After 8 years of spending enormous efforts on confusing the investor world with what is valuable RNAi trigger IP, it looks like everything will come down to basic science. The collective scientific community based on the number of citations a paper gets and how it has recognized critical inventions for example in the form of scientific awards, would have been a much more straight-forward, fairer, and infinitely cheaper way of determining ‘good’ RNAi IP. Who else was better suited to spot critical contributions in technically demanding areas such as RNAi than scientists themselves? One would hope that the judge will concur, also in the interest of what RNAi Therapeutics could do for society.
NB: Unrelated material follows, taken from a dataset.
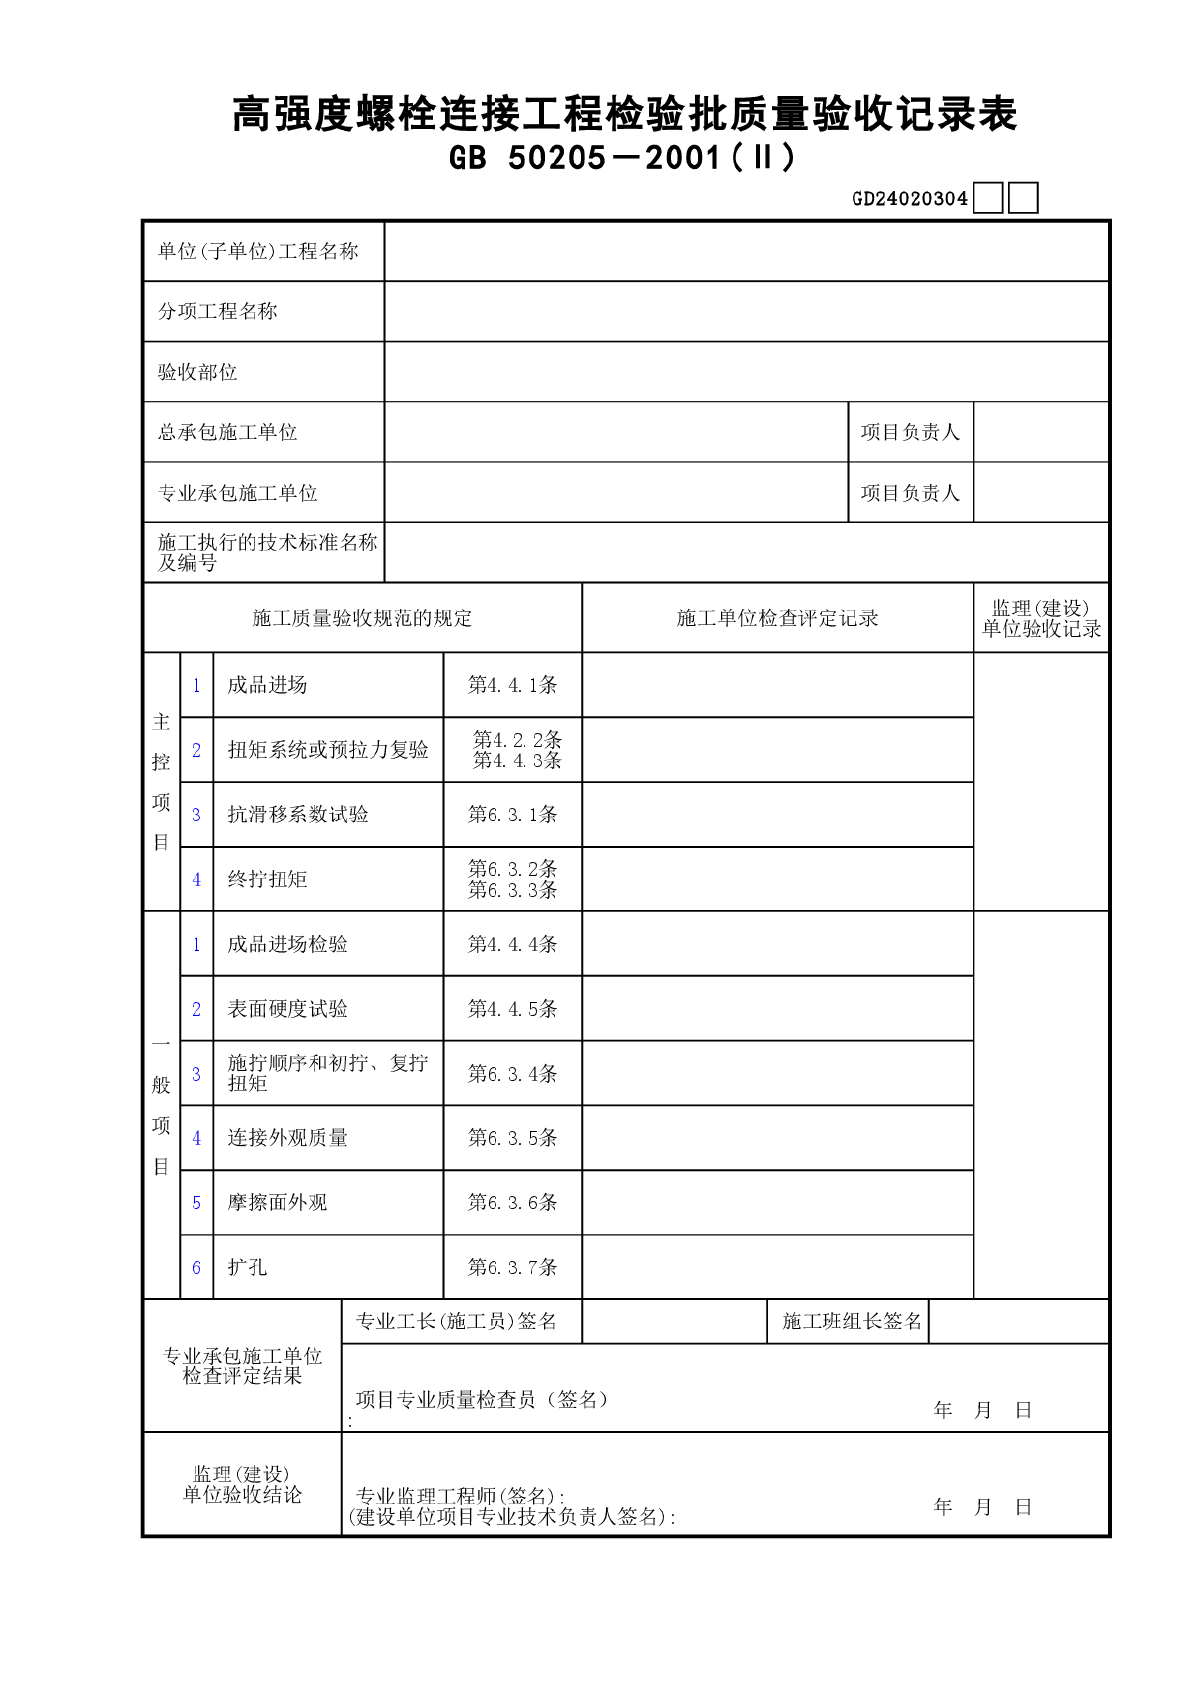 04高强度螺栓连接工程检验批质量验收记录表(Ⅱ)GD24020304

Disclaimer: The above are my own interpretations of the case, based on publicly available documents from the USPTO and court sites, interviews, and press releases. Accuracy cannot be guaranteed as I may have overlooked critical elements of the case, and am neither trained in intellectual property nor contract law. Information provided herein cannot be relied upon for making investment decisions. Investments in RNAi Therapeutics are very risky and not suited for most. Consult with your own professional advisor before doing so.